I.e., (a - 1) - (a + 0) < 0 (indeed, identically -1)
> In that case, what happens when I create an array with a single element
> that is an enormously large struct?
Go nuts. If your address space is larger than your integer range, (as, is
the case for I32LP64 machines), your compiler might have to make sure that
it performs the difference calculation to sufficient precision.
I still feel comfortable about this failing to work for objects larger
than half the address space, or even for objects larger than the range of
an int. That's IMO, a much less uncomfortable restriction than the one
that the standard seems to have stipulated, which is that the simple and
obvious pointer arithmetic that you've used in your examples works in some
situations and doesn't work in others. (Remember: it's all good if those
array references are in a function that was itself passed (&foo[n], for
n>=1) as the argument.)
Cheers,
--
Andrew
Keith Thompson
> On Wed, 08 Mar 2006 23:53:23 +0000, Christian Bau wrote:
>> Consider a typical implementation with 32 bit pointers and objects that
>> can be close to 2 GByte in size.
>
> Yeah, my world-view doesn't allow individual objects to occupy half the
> address space or more. I'm comfortable with that restriction, but I can
> accept that there may be others that aren't. They're wrong, of course :-)
I can easily imagine a program that needs to manipulate a very large
data set (for a scientific simulation, perhaps). For a data set that
won't fit into memory all at once, loading as much of it as possible
can significantly improve performance.
>> typedef struct { char a [2000000000]; } giantobject;
>>
>> giantobject anobject;
>>
>> giantobject* p = &anobject;
>> giantobject* q = &anobject - 1;
>> giantobject* r = &anobject + 1;
>> giantobject* s = &anobject + 2;
>>
>> It would be very hard to implement this in a way that both q and s would
>> be valid; for example, it would be very hard to achieve that q < p, p <
>> r and r < s are all true. If q and s cannot be both valid, and there
>> isn't much reason why one should be valid and the other shouldn't, then
>> neither can be used in a program with any useful guarantees by the
>> standard.
>
> Yes, very hard indeed. Partition your object or use a machine with bigger
> addresses. Doesn't seem like a good enough reason to me to break a very
> useful abstraction.
Your "very useful abstraction" is not something that has *ever* been
guaranteed by any C standard or reference manual.
> Posit: you've got N bits to play with, both for addresses and integers.
> You need to be able to form a ptrdiff_t, which is a signed quantity, to
> compute d = anobject.a[i] - anobject.a[j], for any indices i,j within the
> range of the array.
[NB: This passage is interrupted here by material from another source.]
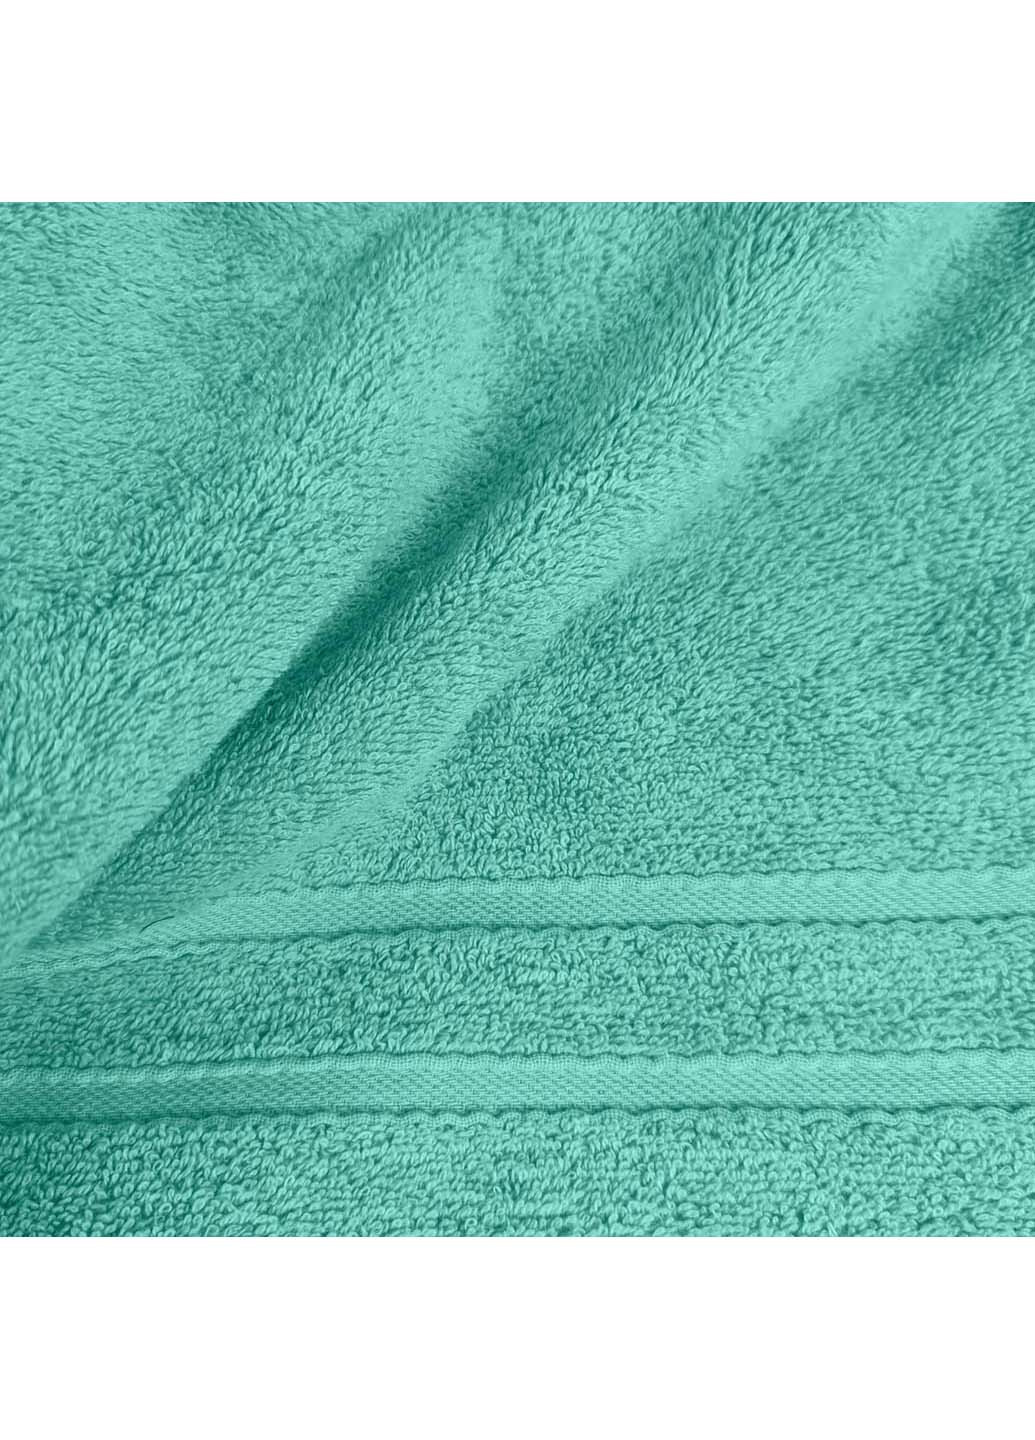 Cosas полотенца махровые agave 2 шт мятный производство -

The range of signed quantities is just less than half
> that of unsigned. That range must therefore define how large any
> individual object can be. I.e., half of your address space. Neat, huh?
The standard explicitly allows for the possibility that pointer
subtraction within a single object might overflow (if so, it invokes
undefined behavior). Or, given that C99 requires 64-bit integer
types, making ptrdiff_t larger should avoid the problem for any
current systems (I don't expect to see full 64-bit address spaces for
a long time).
The standard is full of compromises. Not everyone likes all of them.